参考:戸田恵梨香の出演作はなぜ再放送されるのか? “挑戦”の連続となった『SPEC』から考える


 戸田の出演作で再放送されたのは、『野ブタ。をプロデュース』(日本テレビ系)、『SPEC〜警視庁公安部公安第五課 未詳事件特別対策係事件簿』(TBS系)、『鍵のかかった部屋』(フジテレビ系)、『大恋愛〜僕を忘れる君と』(TBS系)の5本。キャリア初期のあどけない姿から、朝ドラ前に挑戦した近作など、女優・戸田恵梨香のこれまでを総覧して振り返ることができたこの自粛期間。再放送を振り返り、ライターの佐藤結衣氏は、以下のように語る。


「この自粛期間にいろいろな作品を観ることができ、改めて戸田さんの演技の上手さを確認できる機会だったと思います。個人的に戸田さんの演技で好きなところが、作品によって眼差しが全然違うところ。『野ブタ。』では学園のマドンナを演じ、愛されキャラとしての余裕を見せるような表情が印象的でした。『鍵のかかった部屋』だと、大野智さんに対して場をリードしていく凜とした立ち居振る舞い、『SPEC』に関しては、周囲に関心がなく何を考えているのか掴みにくいような部分を演出していて、よくよく考えてみると全部方向性が全く異なるんです。そう考えると、“戸田恵梨香といえばこういう役”というようなイメージがないですよね。これだけキャリアがあるにも関わらず“戸田恵梨香っぽい役”がなく、強いていうなら芯がしっかりしている女性というカテゴライズができるのですが、それは彼女自身が持っているパーソナルな魅力であって、それをどういった切り口で見せるのか作品によって変わっている印象です」


 佐藤氏は、戸田の転機となった『SPEC』はその芯の強さが視聴者に伝わった作品だったと分析する。

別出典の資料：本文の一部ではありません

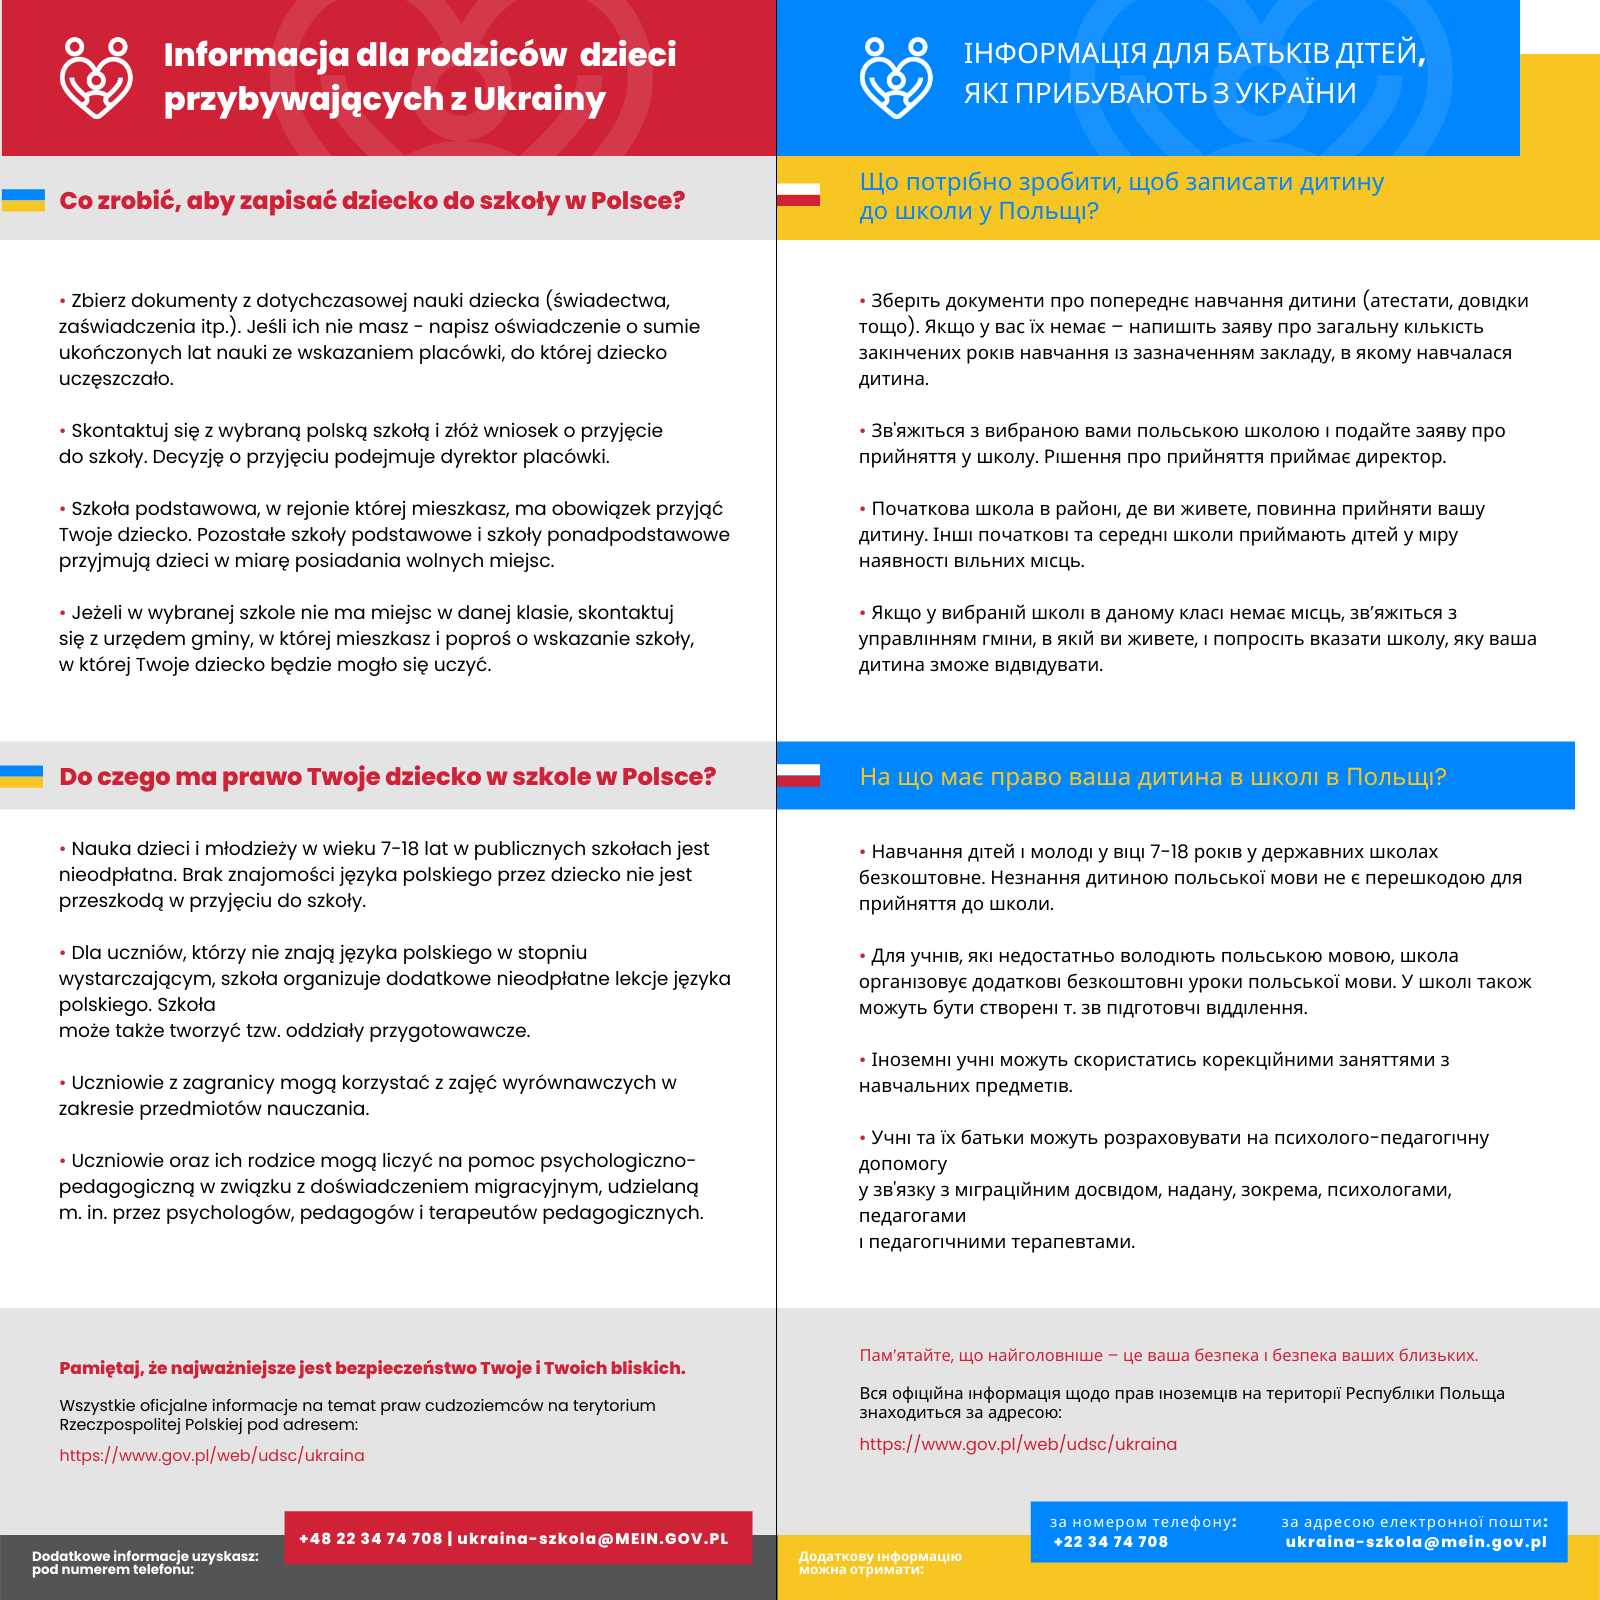 Informacja dla rodziców przybywających z Ukrainy

「『SPEC』の頃のインタビューを見返すと、共演者の加瀬亮さんに『戸田さんってヤンキーだと思っていた』と言われていて、それに対し『どの作品でもヤンキーだったでしょって言われるんですよね』と答えています。ヤンキーに見られるというのは、ある意味その純粋さゆえだと思うんです。自分自身が曲げられなくて、よくいえばピュアな部分や、少年性をもっているということでもあります。『本音でハシゴ酒』(フジテレビ系)に出演した際も、男気溢れるエピソードを披露していて、そういった魅力が彼女の演じる芯の強さに影響を及ぼしているように感じます。もともと戸田さんが出始めた頃のイメージは、『野ブタ。』のような、可愛く演技もできてみんなから好かれる人いう印象だったのですが、そのままのイメージでいかなかったのは、『SPEC』の存在が大きかったのかなと思います。戸田さんが演じた当麻は、髪の毛はボサボサでご飯の食べ方も変なのですが、そこににじみ出る人としての魅力が見えていますよね。そういったイノセンスな魅力が男女問わず人気な理由なのかもしれません」


 戸田恵梨香だけでなく、多くの人から愛される女優には人間的な魅力が不可欠なのかもしれない。佐藤氏は最後に締めくくる。


「一般的に、男女問わず人々を魅了する理由として“ギャップ”があります。戸田さんの場合は、一見ツンとしているように見えて笑い上戸だったり、女優としてのプライドを感じさせるストイックさを持っているのがわかるのに気さくにコミュニケーションを取る……と、ギャップを多く持つ方で、それに加えさらに“こんな役もできるの?”というギャップで視聴者も魅了してくれます。朝ドラ『スカーレット』(NHK総合)でも、新しい魅力を発見した印象がありました。朝ドラのヒロインというと、かつての日本人が良しとする清純派な女性像があったのに対し、パートナーの八郎(松下洸平)とぶつかりながら自分の道を突き進む姿が彼女の人生と重なる部分も。現在、誰かの視線を気にせずにブレない自分として生きたいと思っているなかで、喜美子という役を通してその姿を見せたのは、戸田さんにとって女優として第二のスタートを切る上で重要なポイントだったのかなと思います。今後の作品で魅力の引き出しが増えていくのも楽しみですね」


(リアルサウンド編集部)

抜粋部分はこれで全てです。